April, 2018

What we are reading in April, 2018

By: Adriana Corrales. Profesora asistente, Facultad de Ciencias Naturales y Matemáticas, Universidad del Rosario. Bogotá, Colombia.

Tropical forests are known for their high diversity of plants, animals and microorganisms. Although the diversity of most groups increases closer to the equator, root symbiotic ectomycorrhizal (ECM) fungi generally do not follow this trend. This pattern is putatively driven by a lower abundance and diversity of host plants in the tropics.

Corrales et al. (2018) make an extensive review of the tropical ECM literature including an historical overview of the study of tropical ECM, biogeography, diversity patterns and ecosystem roles of plants and fungi lineages. They highlight several emerging patterns.

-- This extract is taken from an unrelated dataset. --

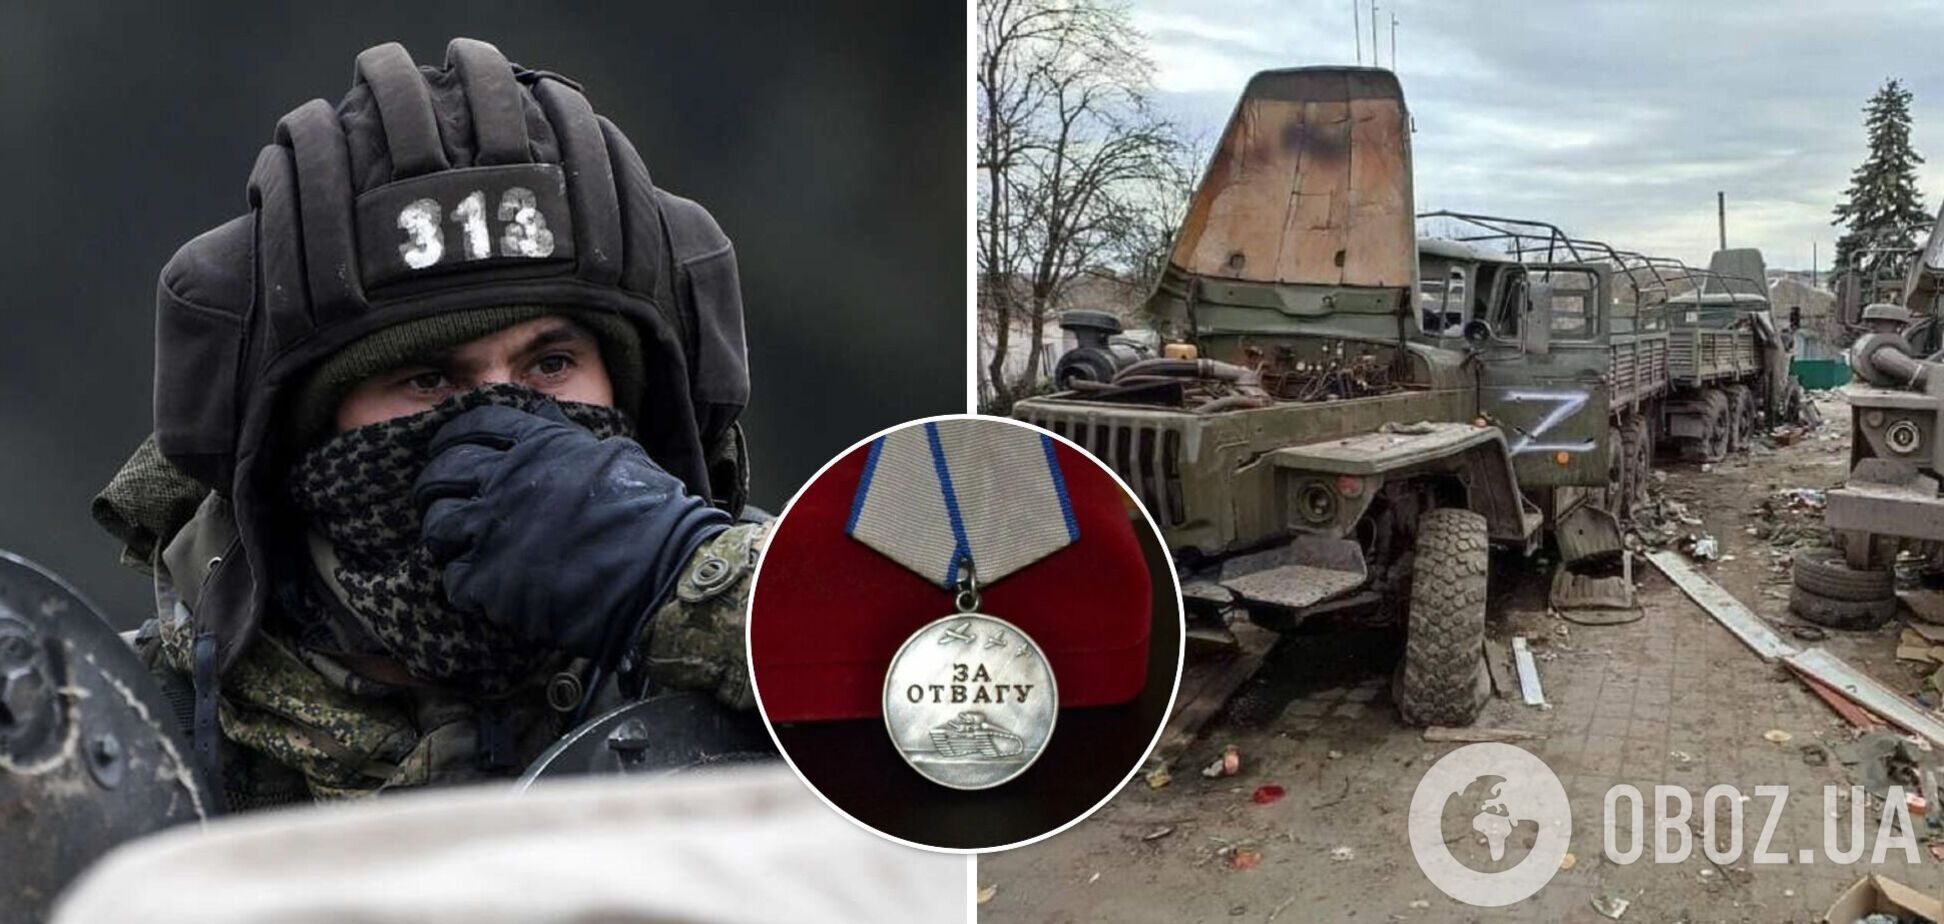 'Любого шороха боюсь!' Оккупант 'отказался' от медали за войну в Украине и попросился домой. Аудио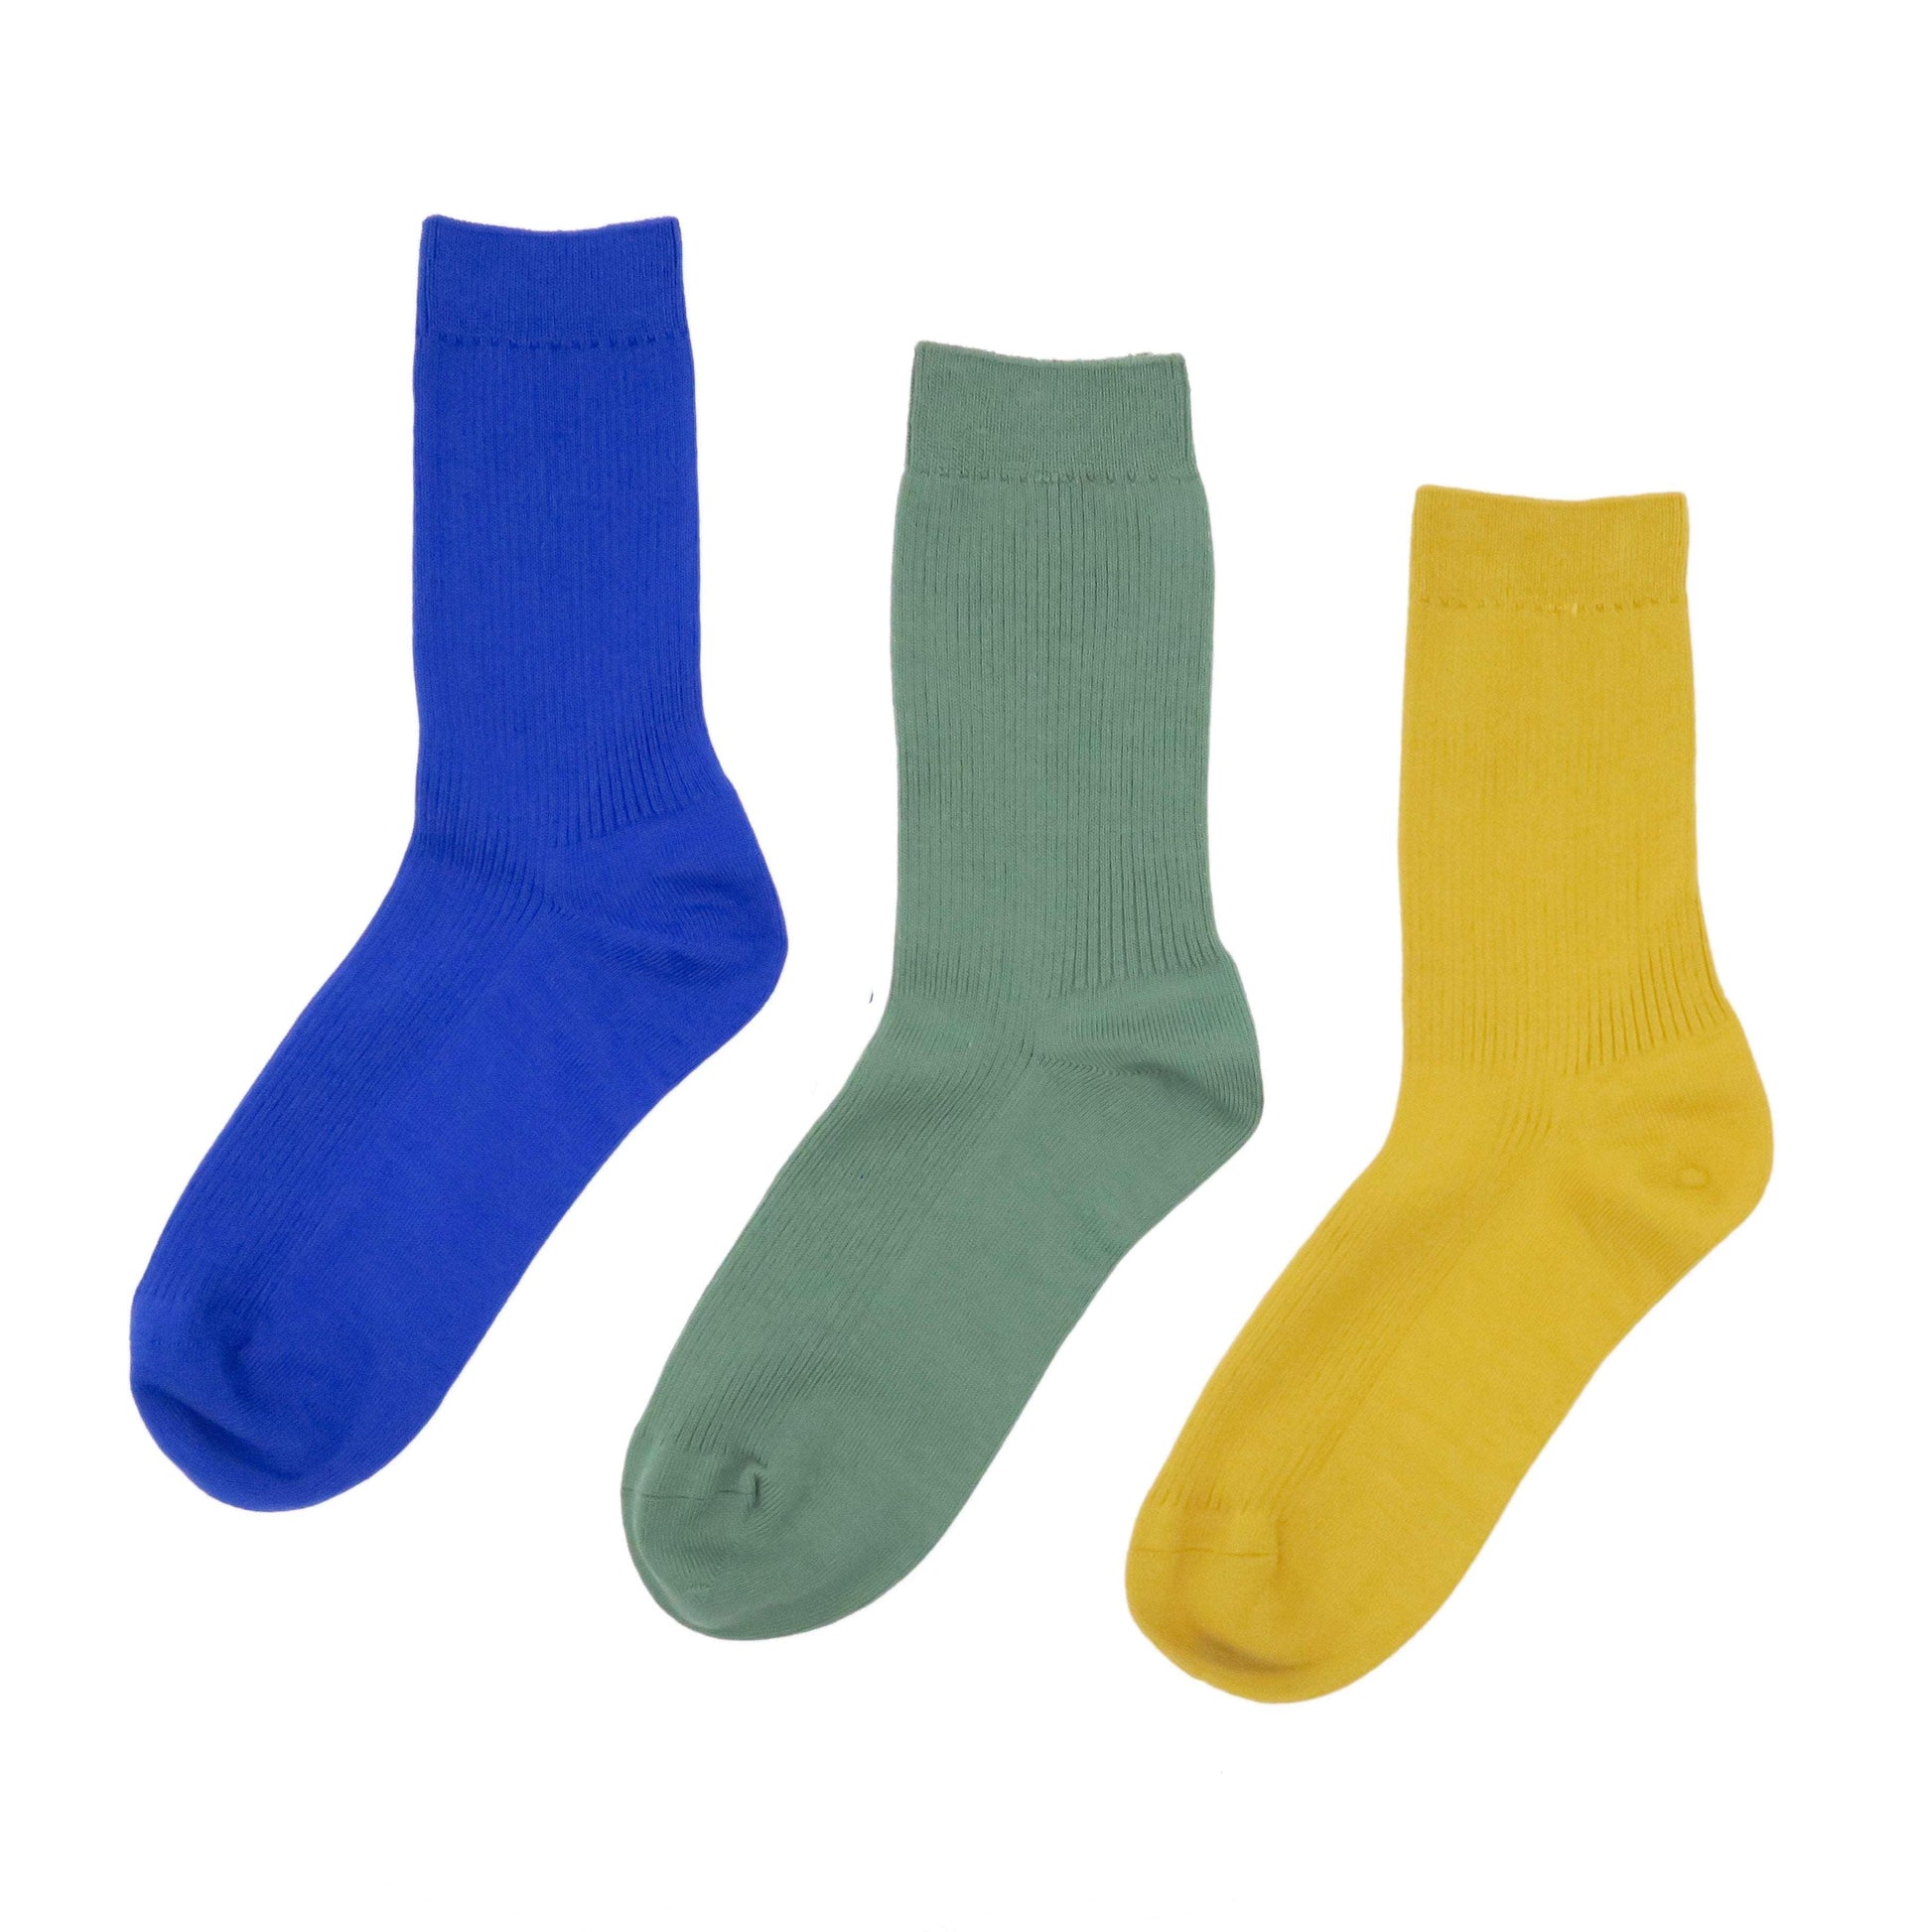 faye socks combo - basic comfy crew socks in 3 colors

Tropical forest might not be as poor in ECM plant species as previously believed. The authors found direct evidence for ECM associations in 283 plant species from 73 genera in 18 families. Africa is the continent with the highest reported diversity of ECM plant species (120 species). One ECM plant family is dominant in Africa (Fabaceae), Asia (Dipterocarpaceae) and Australia (Myrtaceae), while Central and South America seem to have a more even distribution of ECM plant families. The mycorrhizal status of many tropical plant lineages is still unknown so the number of tropical ECM plant species is expected to increase.

Tropical ECM associations are believed to play critical roles in maintaining tropical monodominant forests. Recent research has found contrasting evidence about the importance of ECM networks (mycelial connections between plants) in maintaining tropical monodominance and it is a hot topic to discuss! However, mechanisms associated with preferential access to organic nutrients like nitrogen and phosphorus by ECM fungi and plants are gaining a lot of support.

Regarding the biogeography of ECM fungal lineages, surveys of ECM root tips and fungal fruiting bodies have found that members of the /amanita, /russula–lactarius and / boletus ECM fungal lineages are highly speciose and widespread across the tropics. Root and soil-based studies found that the /tomentella–thelephora and /sebacina lineages also are diverse and often dominant, but these groups remain undersampled due to their inconspicuous fruiting bodies. Other lineages are apparently absent or species-poor in tropical ecosystems, including /albatrellus, /endogone1, /hygrophorus, /paxillus–gyrodon, /piloderma, /suillus–rhizopogon and /tricholoma (Tedersoo et al., 2010a).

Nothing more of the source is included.